Hmm.. yeah I find myself looking toward other brands too when I ask myself.. will I wear this bag when I hit 40 (a few yrs down the road)? I think I won't be buying anymore bright Bals. Perhaps just one more neutral and my Bal collection is complete.


----------



## rollergirl

viewwing said:


> Hmm.. yeah I find myself looking toward other brands too when I ask myself.. will I wear this bag when I hit 40 (a few yrs down the road)? I think I won't be buying anymore bright Bals. Perhaps just one more neutral and my Bal collection is complete.

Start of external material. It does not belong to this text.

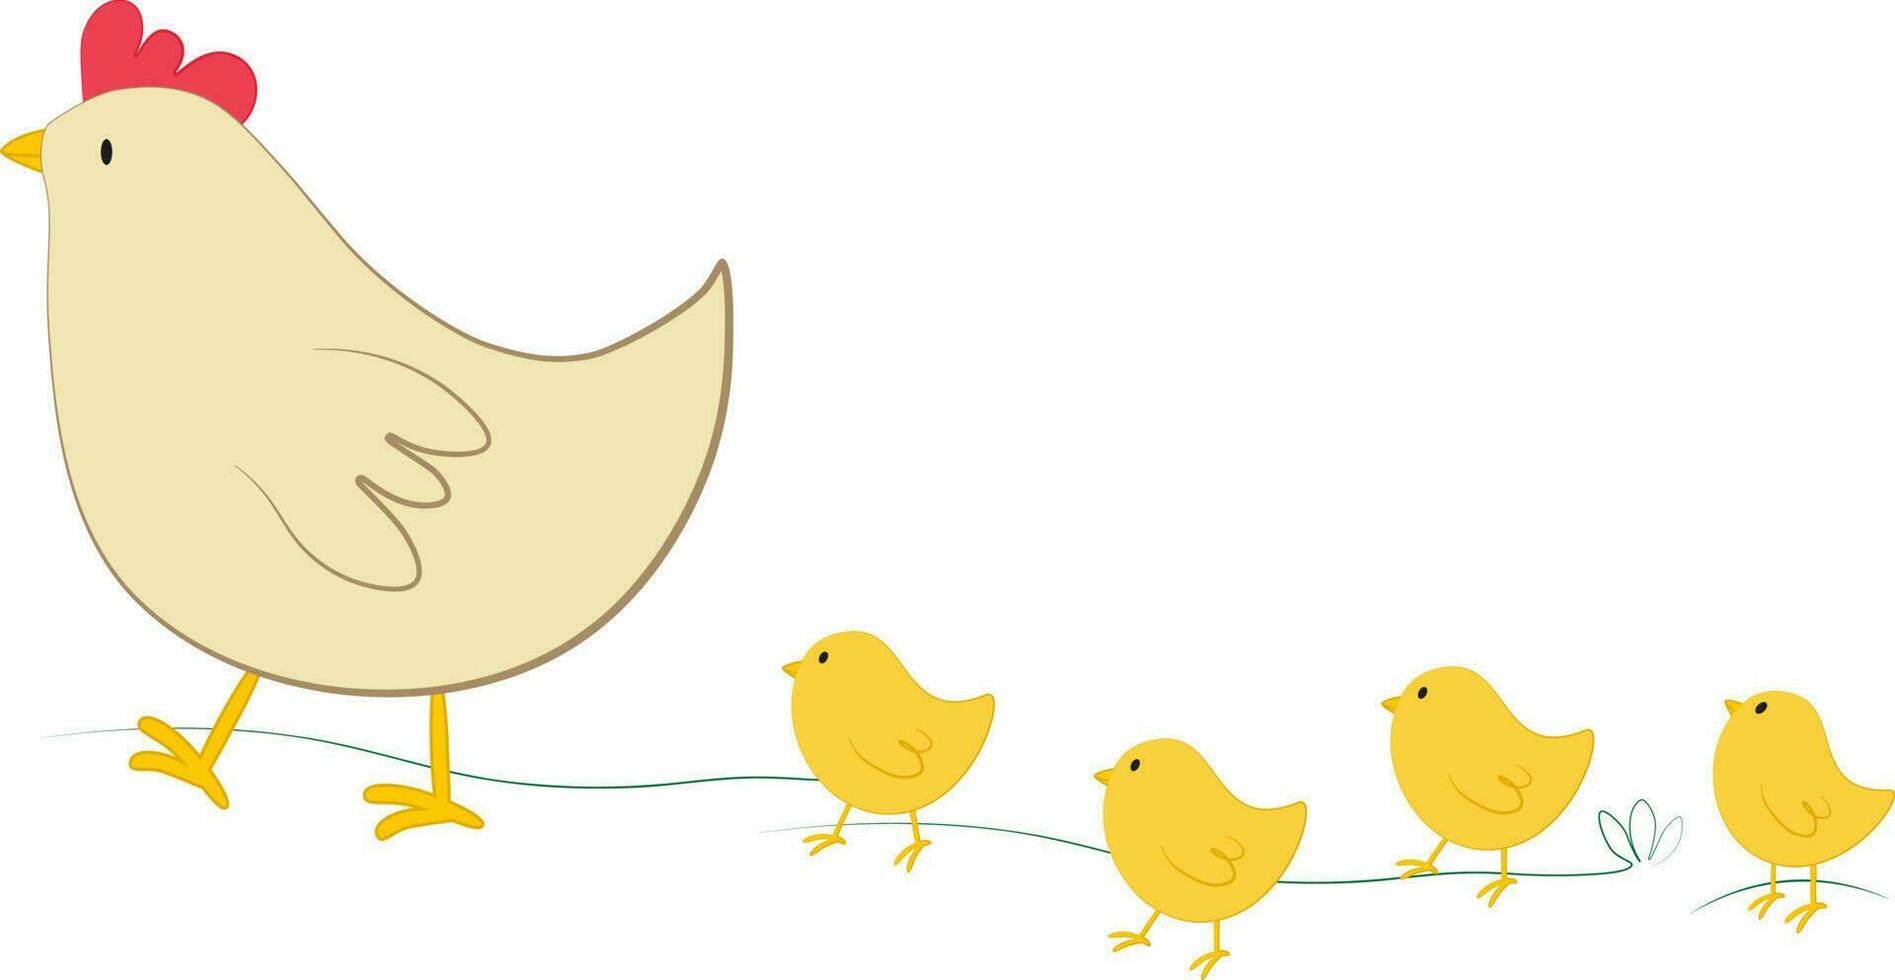 Vektor Illustration von Orange Hähnchen und wenig Gelb Küken Zeichen im Karikatur Stil. Digital Clip Art mit Bauernhof Henne und Küken zum Ostern Design

I've definitely diversified, and have other brands for when I feel it's more suitable for the occasion.  But with Chanel or Hermes, even, once you have a basic black flap/Birkin, maybe some more neutrals, you tend to start adding color and difference.  At least I do.  Maybe people in the south are just more into color and don't think of it as an age thing (of course, within reason).  By now, I'm sort of a Balenciaga hobbyist.  Maybe I should just get a job curating a museum of Balenciaga bags through the ages, and save myself some money.


----------



## maxxout

I'm way over 40.    
I think this works.


----------



## maxxout

I see no expiration date on wearing these bags.


----------



## cbarrus

^^ And, wear them well, you do!  I think the thing to remember is that 40 and beyond ain't what it used to be!  I agree with what others have said about the cut-off denim shorts, etc., but a beautiful handbag will always be in style no matter what age.


----------



## maxxout

^^^
ohhhh...thank you cbarrus

Agree...a beautiful well crafted handbag will always be cool.


----------



## cherrycola

I won't be 40 for another 12 years - but I have seen many ladies of that age wearing their Bals with style! E.g. on weekends with an elegant maxi dress


----------



## Hermancat

HA!  Love this!  Life goes by quickly.  It's the style and it's the attitude, not the 'number'.


----------



## SkyBlueDay

for sure, maxx - you absolutely one of my favourite pin-up Bal-gals!


----------



## BRITT

Here is another proof that Bbg s are timeless. Catherine deneuve (over 60)+ daughter in cannes festival few years back.
I am 40+ and love balenciaga,neutral and bright colors. Actually looking to buy mimosa soon


----------



## viewwing

rollergirl said:


> *Maybe I should just get a job curating a museum of Balenciaga bags through the ages, and save myself some money.*



:lolots: Yeh maybe you should! HAHAH!


----------



## viewwing

BRITT said:


> Here is another proof that Bbg s are timeless. Catherine deneuve (over 60)+ daughter in cannes festival few years back.
> I am 40+ and love balenciaga,neutral and bright colors. Actually looking to buy mimosa soon



What model is that grey bal bag? Is it the maxi twiggy?


----------



## pbdb

I am almost 42 in a couple of months and plan to wear my Bals (94% are GH) forever.
The bright colors do not discriminate against any age...IRL, I see many over 40 women carrying mostly their bright colored bags than their more subdued ones...the neutral ones are used when going to work, unless they're entrepreneurs so sky's the limit!!


----------



## viewwing

Maybe I do have a strange concept that I magically become a boring old hag when I turn 40!


----------



## RealDealCollection

viewwing said:


> What model is that grey bal bag? Is it the maxi twiggy?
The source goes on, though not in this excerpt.